Reusability of design plays to our strength in hardware also. With over a million routers in operation, we can’t afford to obsolete the whole platform every time we develop a new generation of network processor. The refresh cycle of hardware can be every 3 to 4 years, but the refresh cycle of deployed routers can be up to 10 years. We build our hardware expecting reuse.

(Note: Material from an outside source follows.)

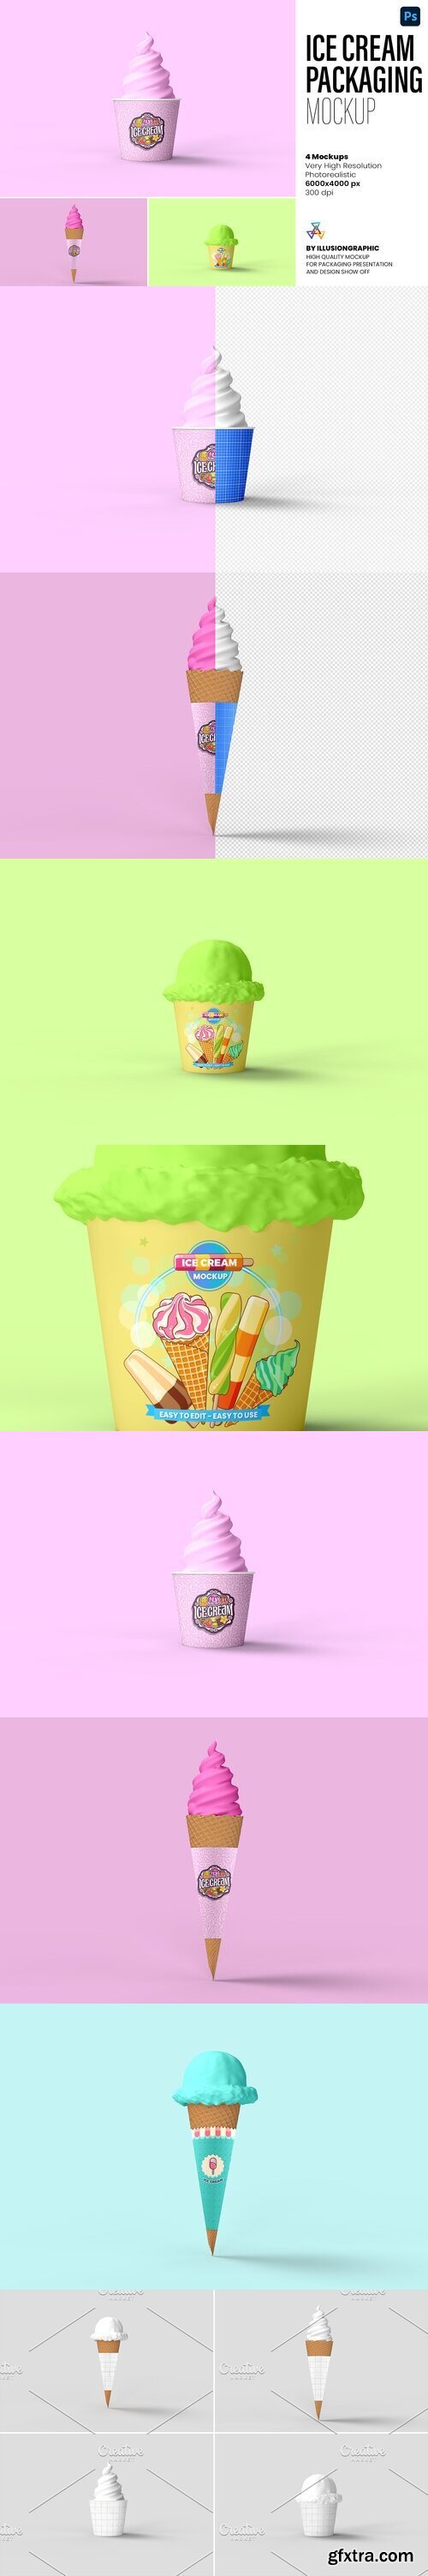 CreativeMarket - Ice Cream Packaging Mockup - 4 views 7373716
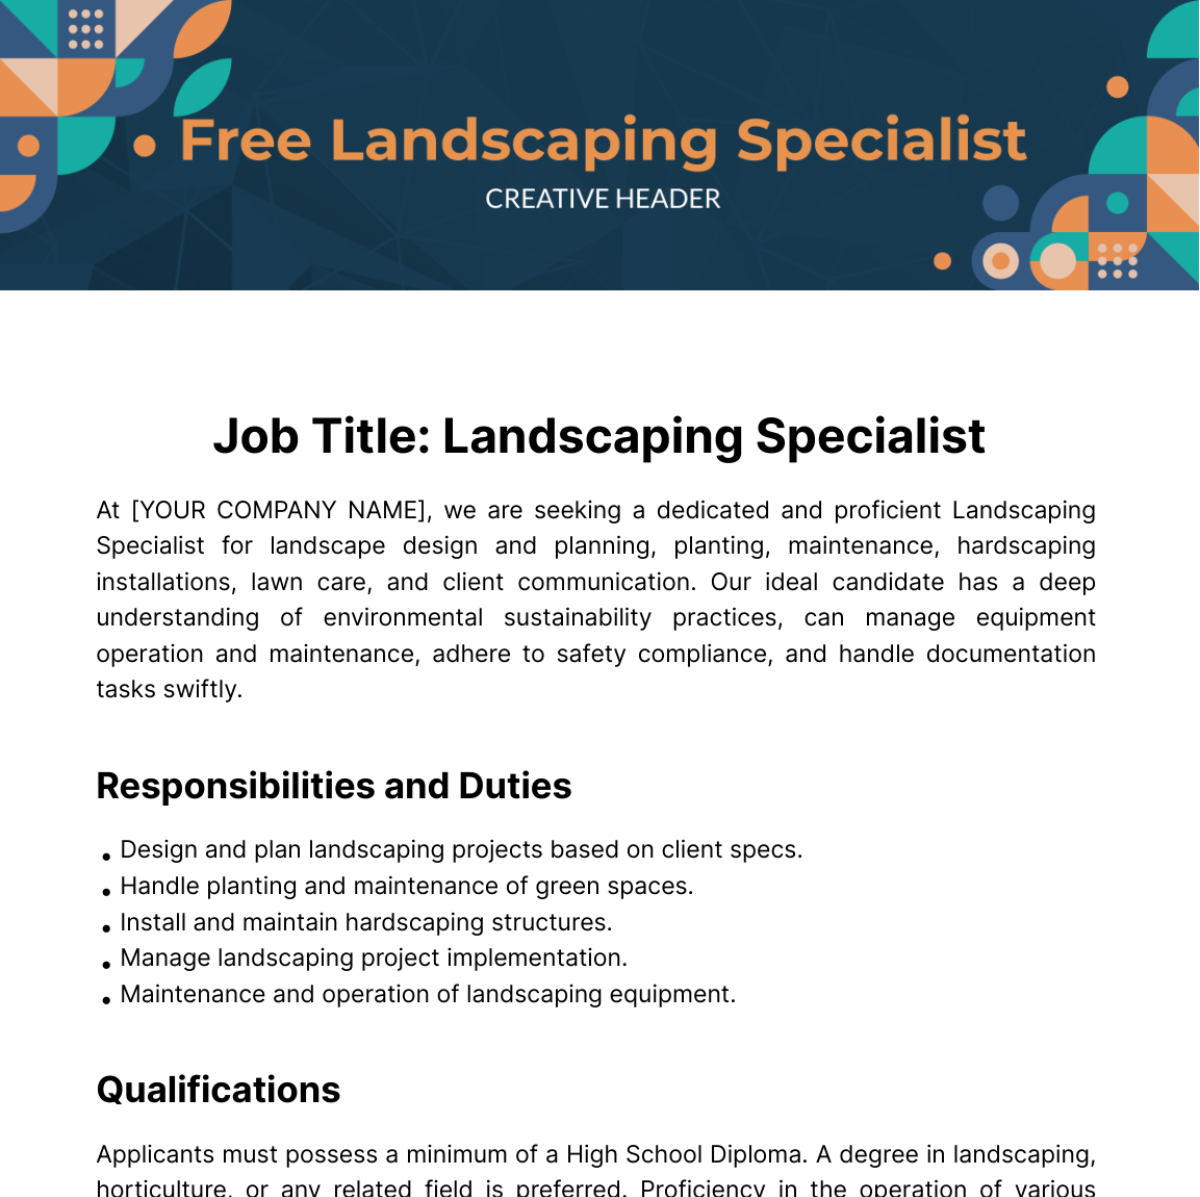 Free Landscaping Specialist Job Description Template

A line card with the FP5 on it slides into the same chassis that hosts FP4 line cards. Service providers don’t have to rethink the space, the power, the cooling, the transformers, or the power supply units. This requires a tremendous feat of engineering because each new ASIC can deliver up to 4x the capacity of a previous generation. Imagine upgrading your network to 4x the capacity, without rebuilding a single data center!
Agility in architecture
When imagining new services or introducing new functions and features, operators have traditionally handled them in massive waterfall updates. We must harness something webscalers have already mastered – agility. It is the ability of humans to pivot quickly that enables us to develop new ideas and responses to the unexpected shifts in the environment – whether it be a pandemic or just a market trend that is being sensed by our eco-systems of suppliers, partners, developers, and customers. Agility needs both architectural support and tools.
When ideas emerge, how do we actually deploy them in a network quickly? Machines are very good at being told what to do. If you get the code right, then the machine executes it correctly, with a steady, repeatable regularity that is not possible with humans. Our intent-based network management tools enable you to treat the network as a programmable entity. First, you define an intent, i.e., a model for a new service, described in a high-level modeling language. Then, you “compile” that intent into low-level instructions that are configuration statements in one or more network nodes. Finally, you supply a set of parameters that describe the “goodness” of the intent, parameters that bound the behavior of the service so that, by monitoring these parameters, we are able to measure the performance. The intent engine can be coded to even recognize anomalies and adjust behavior in the face of perturbations such as overload, failure, or maintenance events.
Another key tool in the NetOps (DevOps as applied to networking) engineer’s toolbelt is the digital twin, a metaverse that models the live network, in which new services can be tried out. The inhabitants of the metaverse are software entities that mimic the behavior of network elements, running the same code, enjoying the same connectivity, but perhaps not at the same scale of operation. Deployment of new services usually takes some trial and error, and NetOps engineers need an environment to rapidly model services.
Infrastructure as code
This approach, often called “Infrastructure as Code”, takes a page out of the webscaler’s programming style to empower the next-generation NetOps engineer, one who is skilled in writing high-level structures, deploying services rapidly and correctly the first time, running regression tests in a digital twin of the network, before unleashing those very services in a network.
Master the unexpected
Our world seems to have entered a period of cascading events, and I am convinced that the network can be one of the tools that will help us to respond to these challenges — if it is designed and prepared to master the unexpected.